First-time lawmaker champions labor rights, safety nets in tech era

Upbringing plays a key role in shaping rsonal values — and that is especially the case for first-time lawmaker Lam Wai-kong, who represents the labor sector.

Born and raised in a family of grassroots workers, the unionist in his mid-40s entered his four-year legislative term with a clear goal: advocating for his working-class peers.

His priorities include leveraging legislative tools to protect digital platform workers, helping grassroots workers adapt to the disruptive wave of artificial intelligence-driven technologies, and enhancing workplace safety for manual laborers.

The son of a seamstress and a cobbler, Lam’s life story begins on a factory floor, his mother’s hands busy sewing. His teenage summers were spent working as a clothing factory storekeeper, doing delivery jobs, and later working on industrial sites.

Much of Lam’s early labor-rights work began with a stint in his mother’s union — accompanying factory laborers to register for benefits or file work injury compensation claims. Before long, he found his way into the Hong Kong Federation of Trade Unions (FTU) and has since been on a quest to advance labor rights.

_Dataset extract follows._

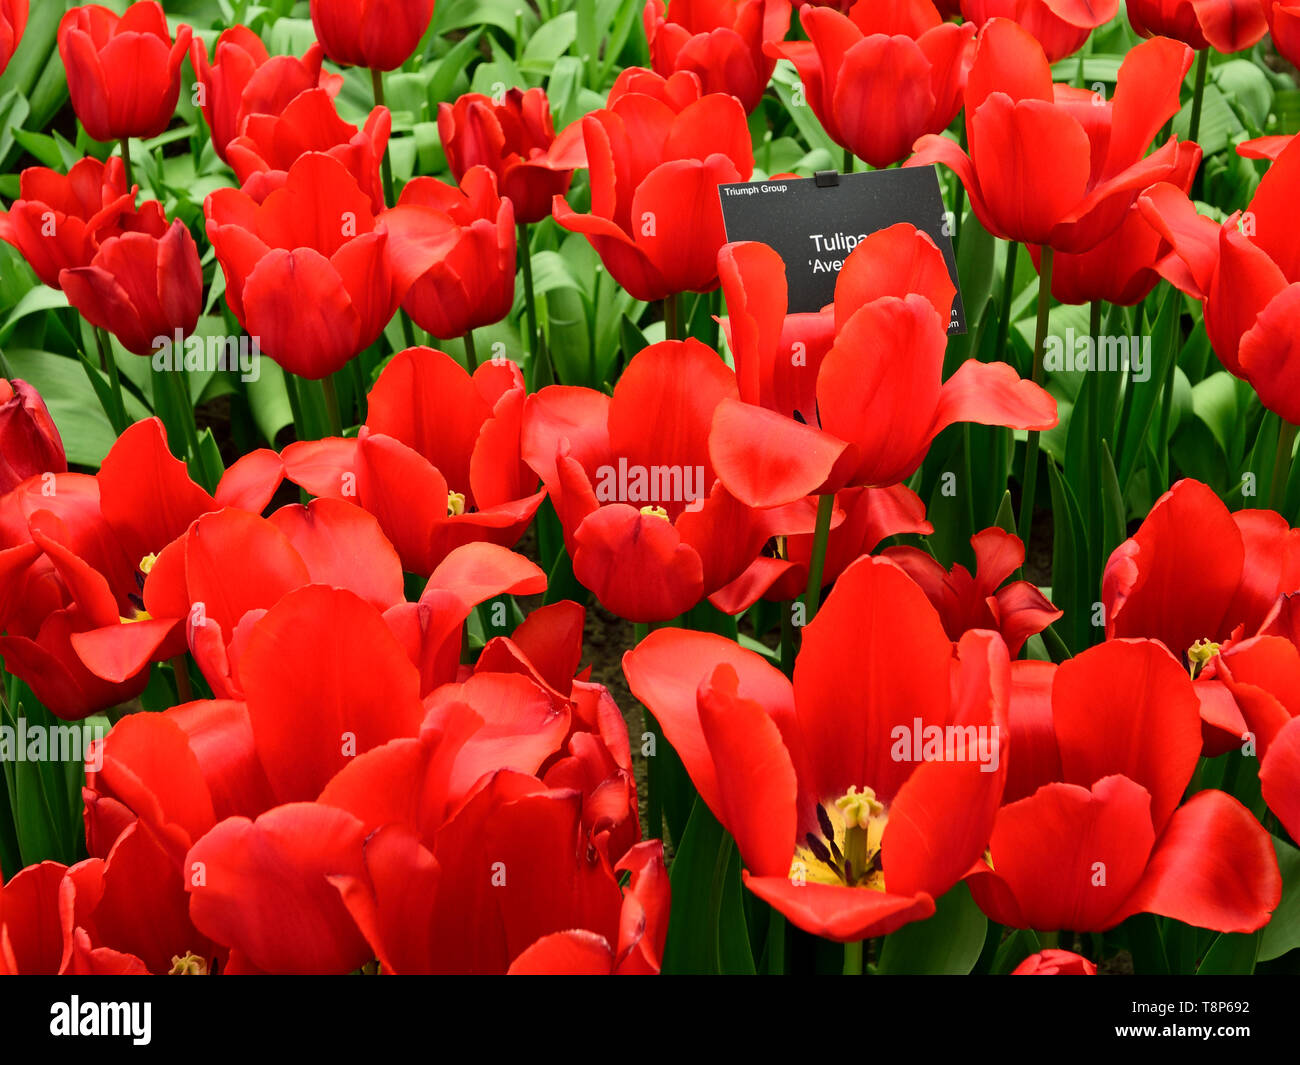 Photographié dans le parc de Keukenhof show tulip avril 2019, densément planté tulip prend une couleur rouge vif Banque D'Images

With technological advances, today’s labor force has been transformed by new trades. Yet it is stuck with outdated labor laws, he said.

Digital platform workers — such as food couriers and ride-hailing drivers — are now ubiquitous in daily life. Official data put their number at 12,900 as of March 2024.

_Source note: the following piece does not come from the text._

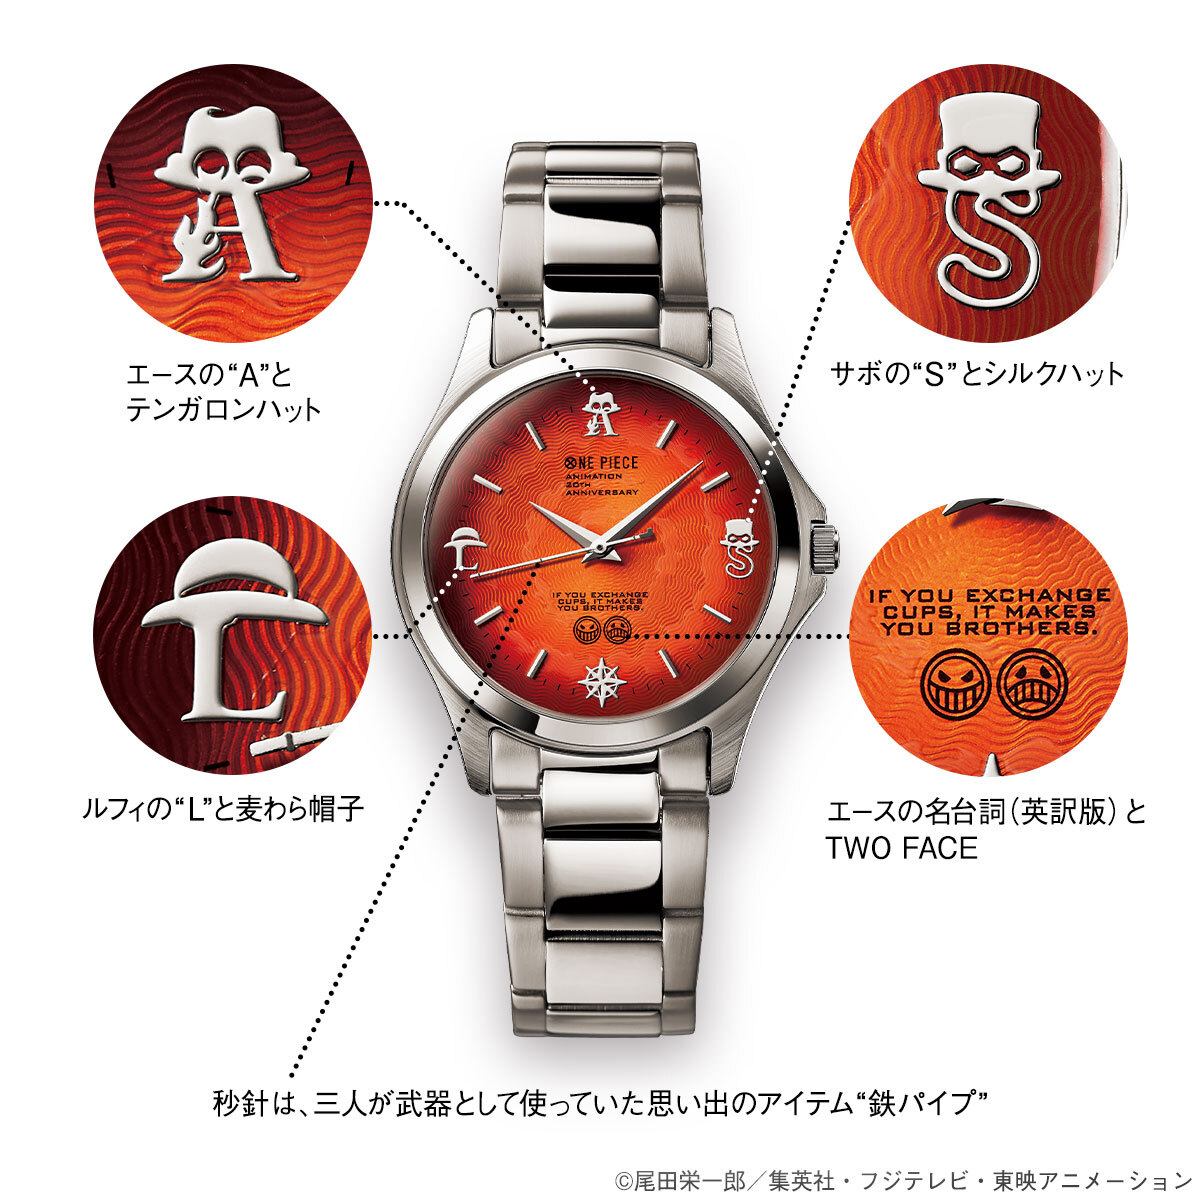 時をこえても変わらない絆と 受け継がれる炎の意志 One Piece からエース サボ ルフィ 三兄弟 の絆をイメージした腕時計が登場 インペリアル エンタープライズ株式会社のプレスリリース

Vowing to explore legislative means to better protect the group, Lam said that they — often classified as “self-employed” by law — are excluded from essential benefits and safeguards that other contract workers receive under the Employment Ordinance and Employees’ Compensation Ordinance.

Hong Kong Chief Executive John Lee Ka-chiu, in his 2025 Policy Address, pledged to introduce legislation to improve the work injury compensation mechanism for digital platform workers.

Responding to a written legislative inquiry from Lam in January, Secretary for Labour and Welfare Chris Sun Yuk-han said the administration aims to submit the legislative proposal within this year for a work injury compensation mechanism for digital platform workers.

Broader challenges

Apart from new gigs stemming from technological progress, Lam has also turned to the broader workforce, where ordinary laborers are bearing the brunt of AI-driven digital transformation.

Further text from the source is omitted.